» **TASK PROMPT**
Reproduce exactly only the lines from the line that holds "86551AA000 _ BRACKET_FR" to the line that holds "Book 166 – You Can Run by Karen Cleveland", inclusive, in the listing below, and please leave out every picture.

» **AVAILABLE DATA**
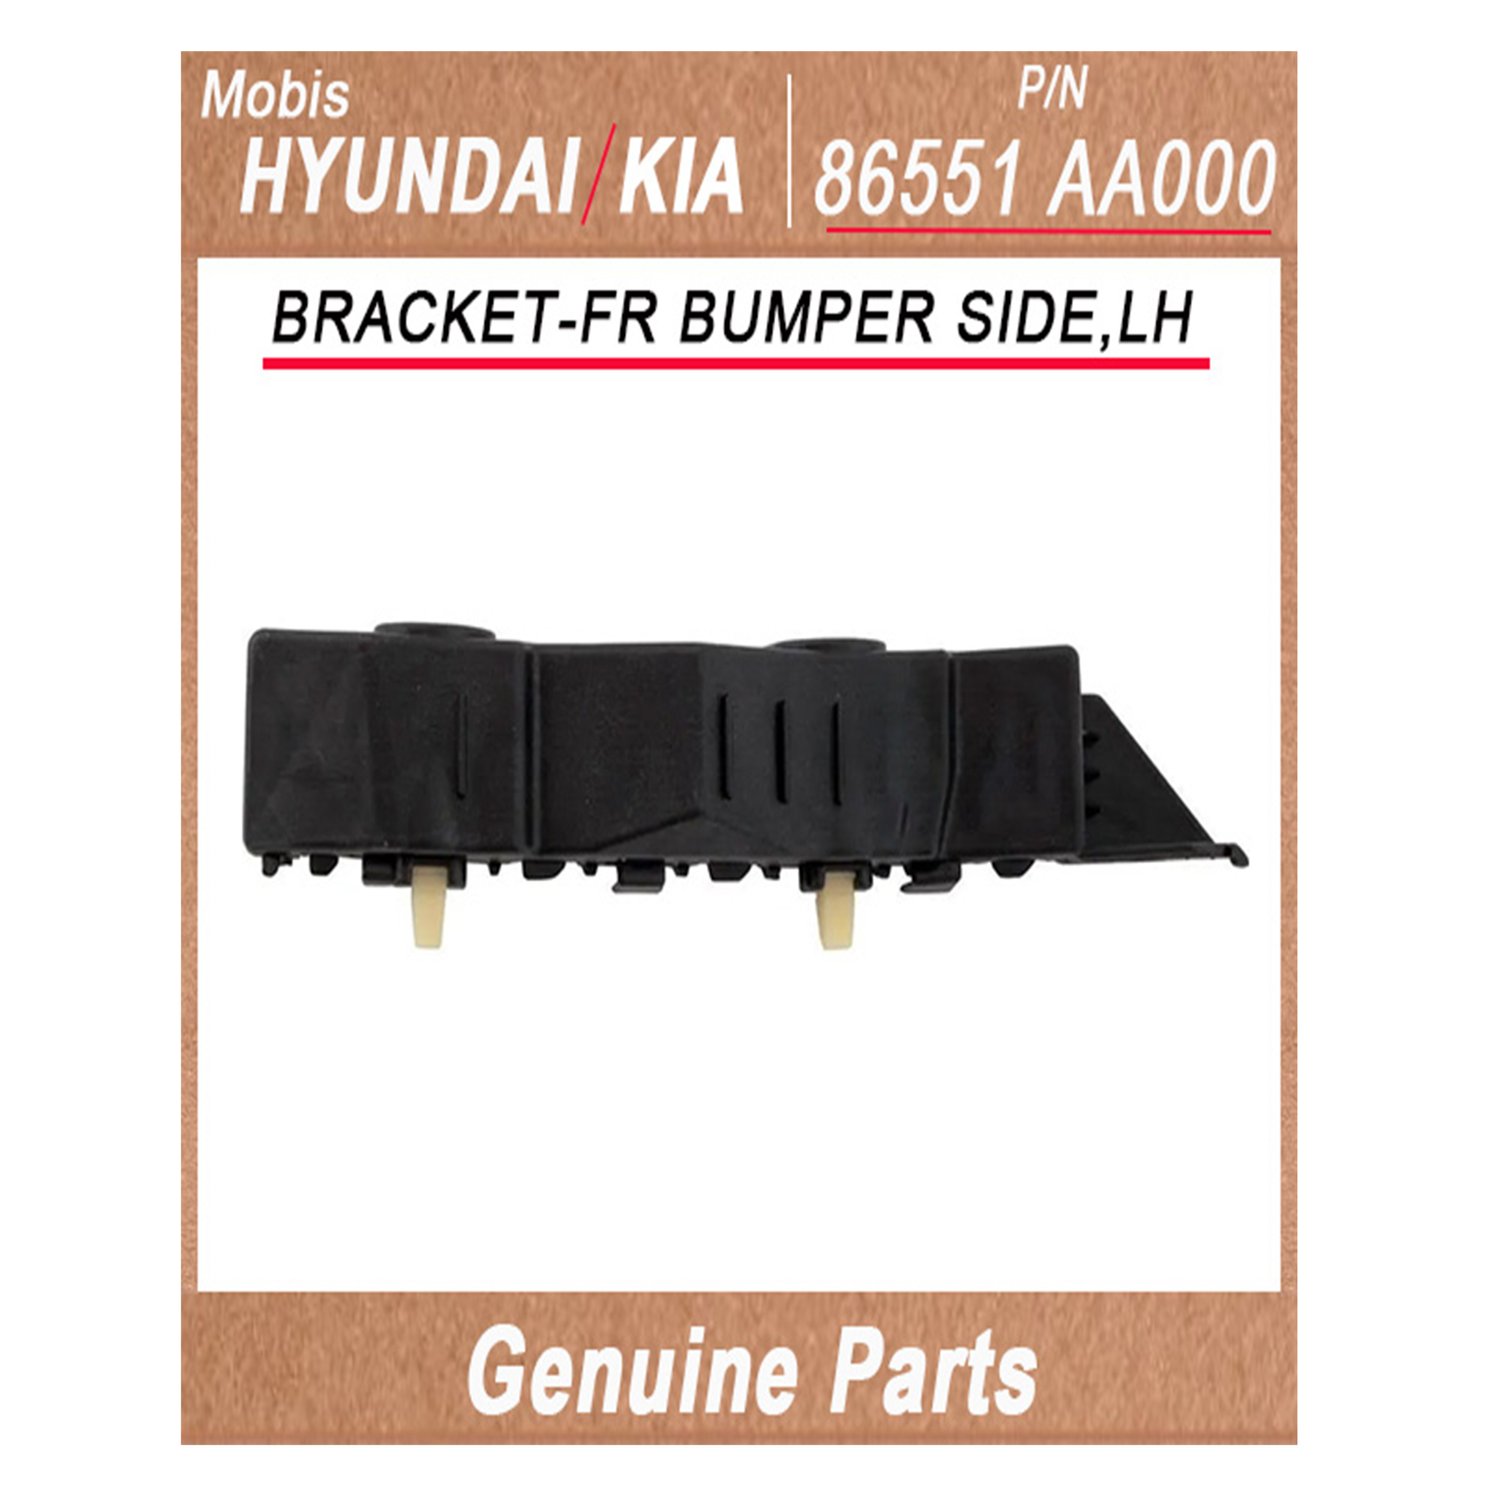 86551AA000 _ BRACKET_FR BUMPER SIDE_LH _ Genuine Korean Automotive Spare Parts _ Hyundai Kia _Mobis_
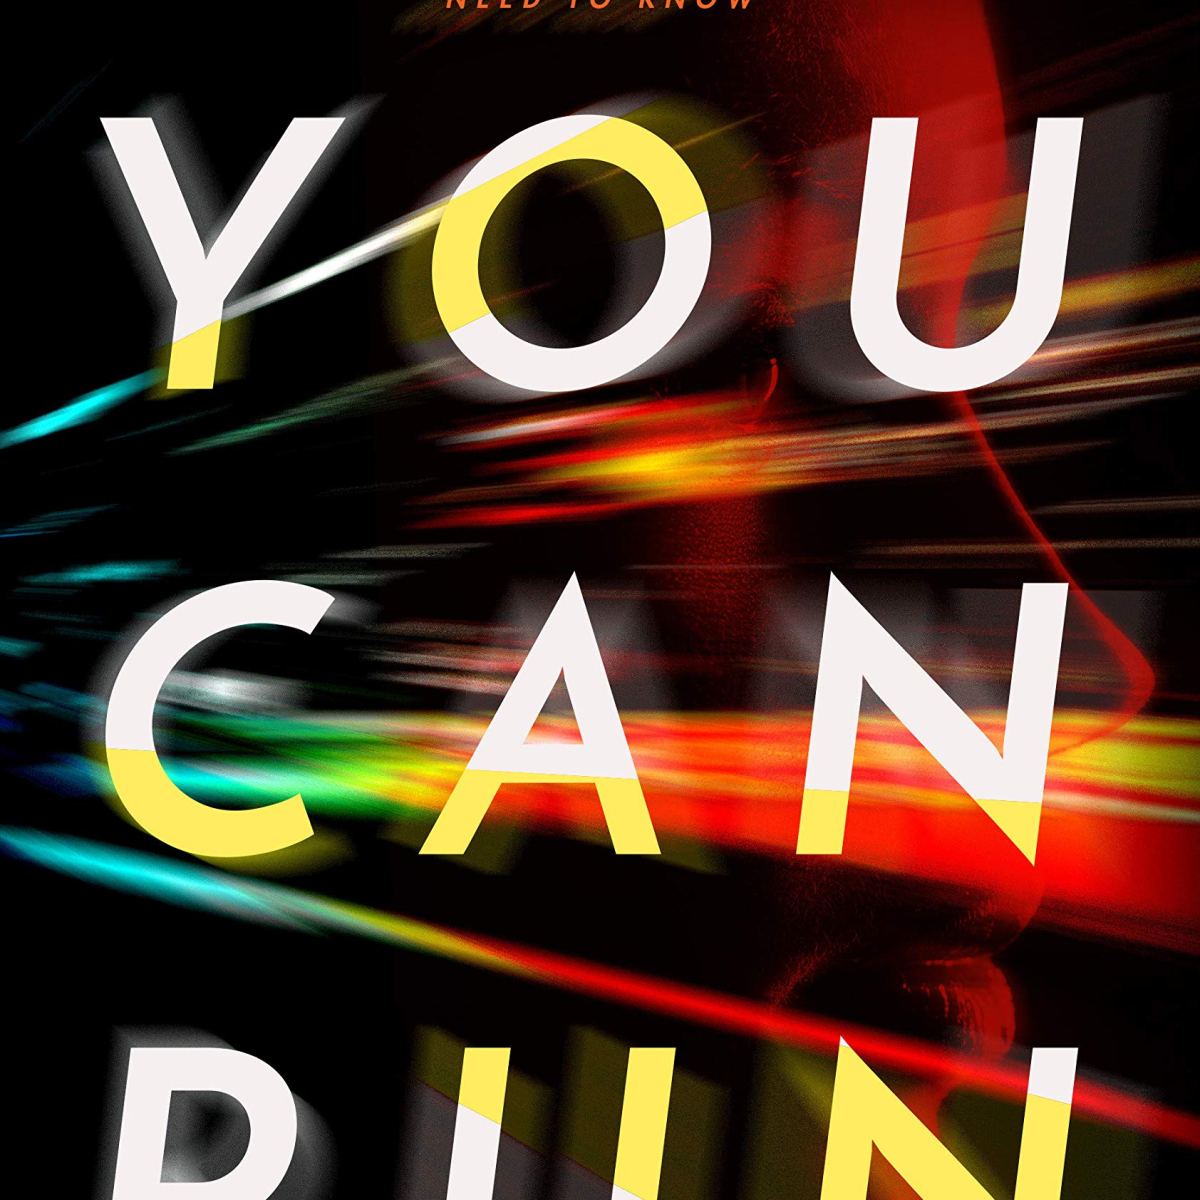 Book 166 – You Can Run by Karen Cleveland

==

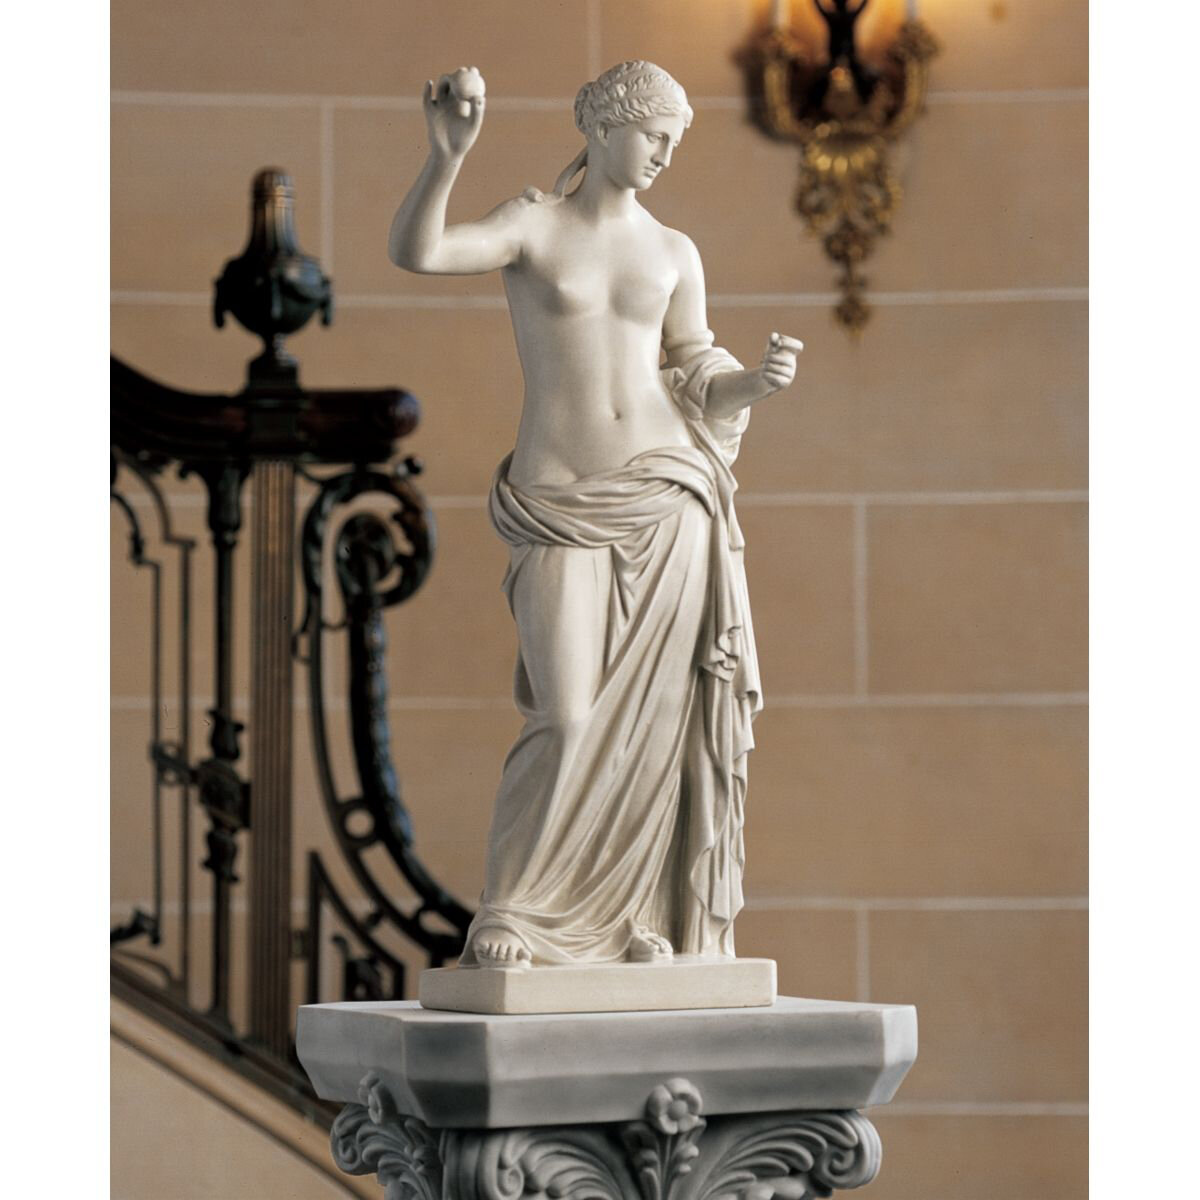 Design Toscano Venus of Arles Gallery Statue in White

---

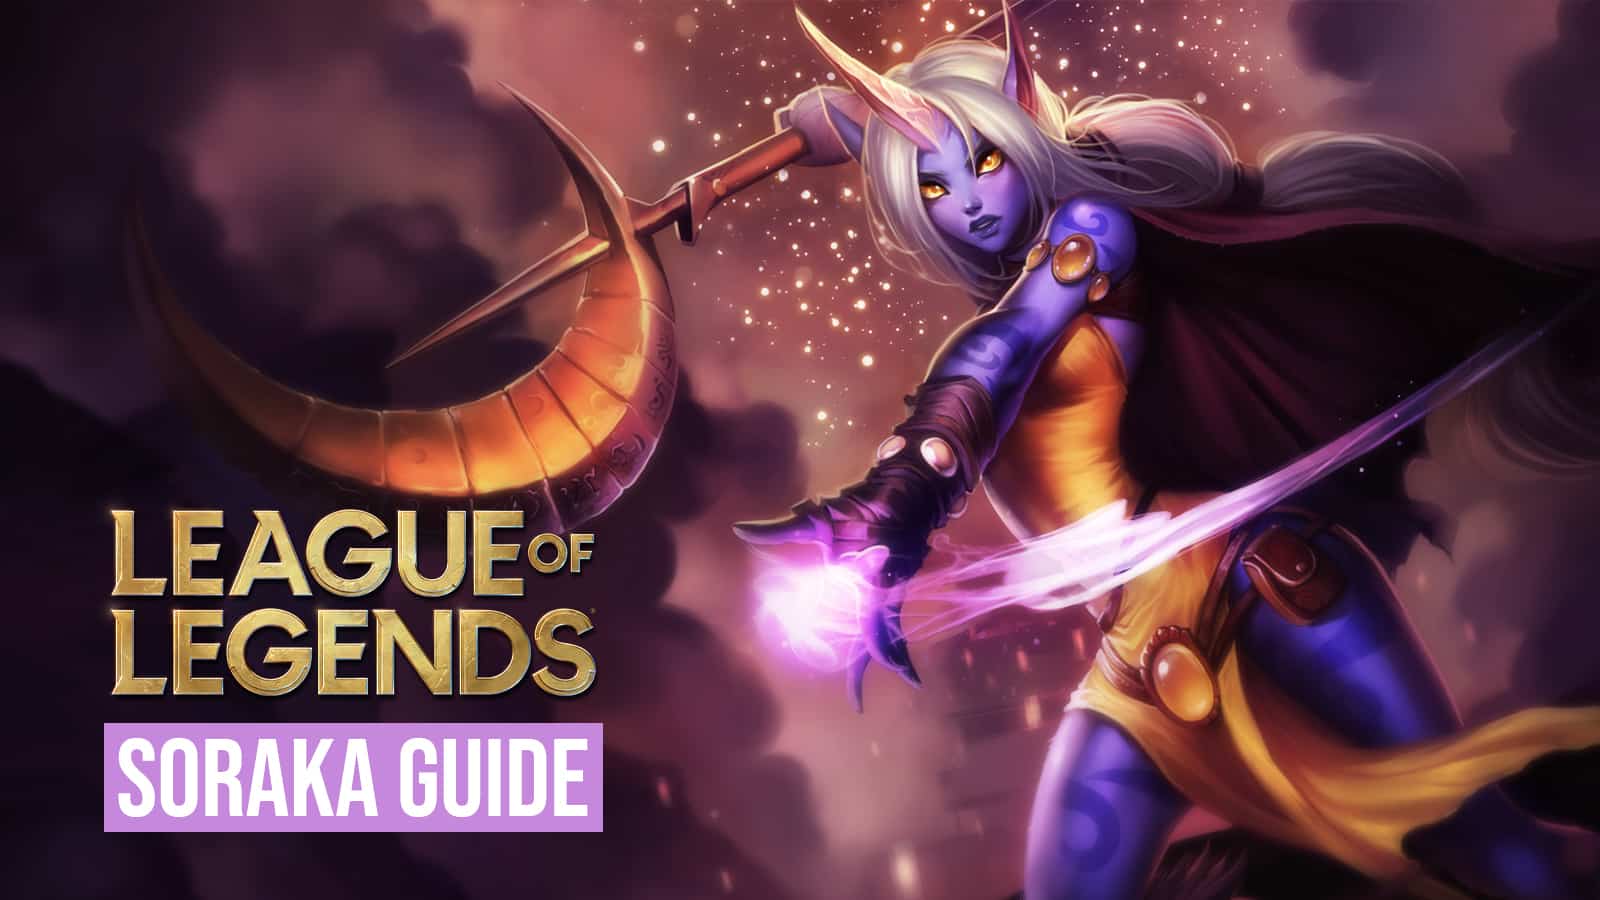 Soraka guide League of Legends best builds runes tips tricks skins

» **RESPONSE BOX**
 86551AA000 _ BRACKET_FR BUMPER SIDE_LH _ Genuine Korean Automotive Spare Parts _ Hyundai Kia _Mobis_
 Book 166 – You Can Run by Karen Cleveland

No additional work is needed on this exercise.